Belfast Telegraph

The G8 leaders are here because we're still Here

By Gail Walker

One of the many irritating features of Northern Ireland is our passion for lecturing other countries. Our unions gathering at City Hall to indulge in anti-Semitic diatribes and pro-terrorism causes elsewhere contrasts with the equally thick 'plague on all your houses' approach they bring to domestic politics.

The point missed by so many people who congregated in Belfast's Botanic Gardens at the weekend and threw a party to protest against starvation – yes, I don't get it either – is that the world leaders meeting in Enniskillen yesterday and today aren't here because they are seeking out some haven of tranquillity to hide out from righteous protesters.

They are in Northern Ireland out of charity. Not because we are a model of peacemaking and right thinking. But because we remain a pariah in the world of civilised nations, because of how we butchered one another. They are here as part of our normalisation.

Attaching to the rather modest parade in Belfast city centre on Saturday was the usual gang of tiny pressure groups and disaffected mobsters, whose own racism is so comically transparent they don't realise that to barrack Barack Obama when Vladimir Putin is in town requires an explanation the outcome of which will not be savoury to read. Especially when it is his country – the one which bankrolls famine and disaster relief worldwide – which takes the bulk of the vocal abuse.

And his traitors who are lauded.

But that's because our protesters here are discreet, polite, decent fascists. If it's big issues that intrigue us, if it's global matters which exercise our conscience now we don't have to hide behind convenient paramilitary proxies who do our murdering for us, we are deliciously selective in our opprobrium. Mugabe, that dark angel of the left for 40 bloody years, overturns democracy yet again in Zimbabwe but no protesters pass the tin around for his opponent Morgan Tsvangirai.

Turkey in disarray?

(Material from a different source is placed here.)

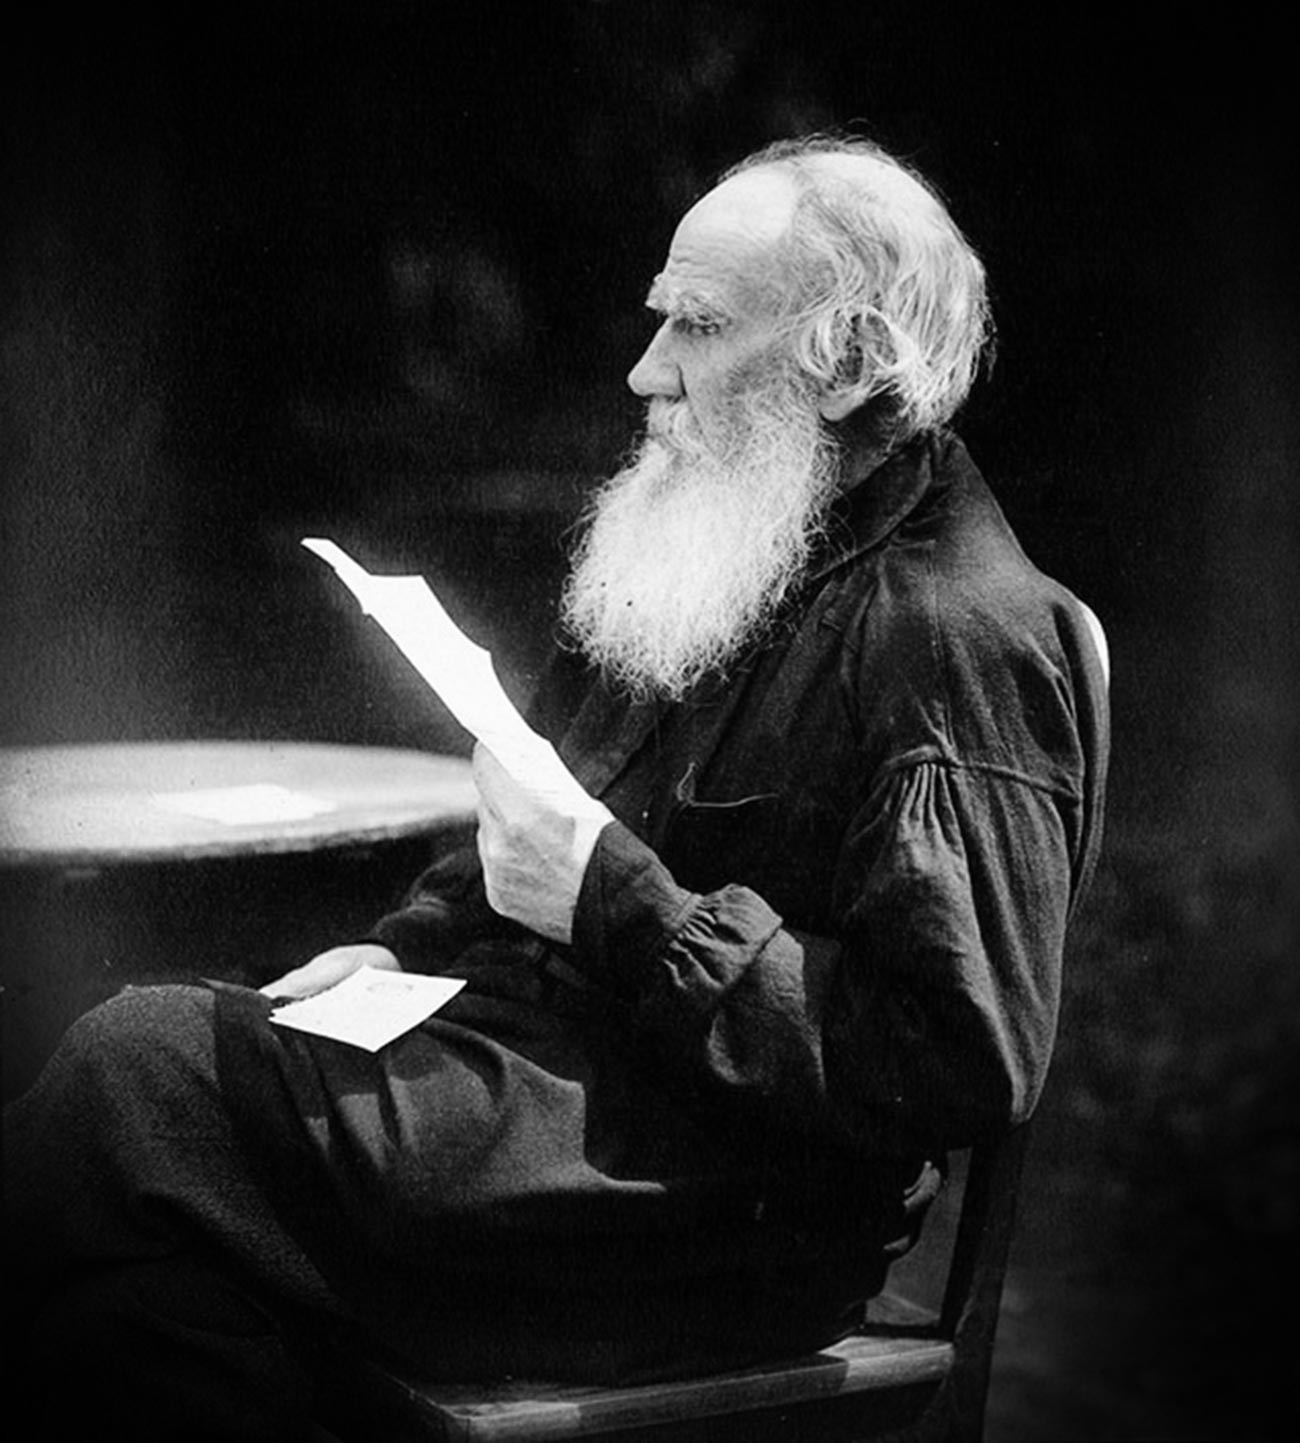 Leo Tolstoy reading a letter

Not a single open-toed sandal has taken to the streets in support of those with western ambitions in Istanbul and no mustering in support of the call for a general strike.

Confirmation of Assad's use of chemical weapons against his own people? Not a peep from the righteous.

Wrong causes. Wrong workers. Wrong people. Wrong countries.

Much better for the Chelsea tractor communists of south Belfast to demonise 'Cameron' and 'Obama' than have any view at all on Putin or Francois Hollande.

No. We live in a country which has no name – referred to in some places consistently as 'the north'; or simply as 'north' – as in 'North house prices on the rise again'. And by others as simply 'Here', as in 'There is Team USA, Team GB, Team Ireland, we need Team, er, Here'. We live in a country where, only two weeks ago, we passed a law to keep killers out of government but only unelected ones. We have 'commentators' who talk about sectarianism and wag fingers at democratic leaders of countries which have prayed nightly for decades to their God in thanks that they didn't have people like us living within their borders.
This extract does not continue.